What is the potential of furniture industry in foreign exchange that we can augment through our exports?
China has almost exports of $50 billion to the US which is the biggest for furniture in the world, then Vietnam has $1 billion, and I think our total exports are $25-26 billion. So, we have huge potential in terms of opportunities we have with us because we have a lot of labour. No matter how much you get automation, it still needs a hand but unfortunately, we do not have skills as the new generation is least interested in this industry. Our government need to make strategies for how to develop these skills, and some furniture clusters need to be taught with proper international standards.
What role can government play to augment the industry and which measures should they take for the betterment of this industry?
Our government needs to work on skills, develop infrastructure, and hire foreign consultants to meet international standards. Also, there need to be open design and production schools for proper management training, and even govt. should hire foreign teachers like Germans etc. for master training. There’s a need to develop courses from them, and then teach the students at the international level.

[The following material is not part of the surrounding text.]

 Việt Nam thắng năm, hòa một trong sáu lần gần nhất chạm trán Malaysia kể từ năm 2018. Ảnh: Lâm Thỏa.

Given that Interwood has become a huge retail brand and there’s a huge marketing role as we’ve seen the evolution of social media. So, in your opinion has it played any role in making Interwood a huge retail brand?
Yes, because almost 30% of traffic derives from social media, 50% is from our brand awareness, and the rest is miscellaneous. So yes, social media has played a lot of impacts.
Please tell us about international presence that Interwood has or any specific country-wise clients?
As we are local-based manufacturers, and we have local-based sales, so 95% of our sales are local, 3-5% are exported to the US. Also, we’ve worked in Congo, built the parliament of Maldives, so off and on we do contractual work. More contracts are coming from the USA, for the ones who want high-end non-standard work, and we’re shipping to them.
How does a normal day in office look for you and how is your leadership style like?
In the first part I take a round of production, I’ve 4-5 people (Production head, supply chain head, HR and quality head) and I take a round of the whole factory which is of about 1.5 hours. Then I have a meeting with finance and then I have an easy day and after that, I’m free to think whatever I want to like following things. Then I go home at 5-5:30 pm, reach home 6:15-6:30 pm and do my exercise. At 9:30, I’m off to bed.
I’ve a statement:
“Maturity = Focus + Discipline = Success”
Are there any women employee at your office and what is the scope of women in this field as furniture is normally associated with men?
I’m actually a big fan of women as they are very focused, and organized, and our R & D department has almost all the women working. Even most of the workforce, in the upholstery section also, have women who are working there and I’m really thinking for employing 30-40% women as they don’t waste time and are very disciplined. The secret of China’s progress is due to its women, and I think they have contributed more to the economy than men.
What is your take on CSR (Corporate Social Responsibility) and how Interwood is contributing its part?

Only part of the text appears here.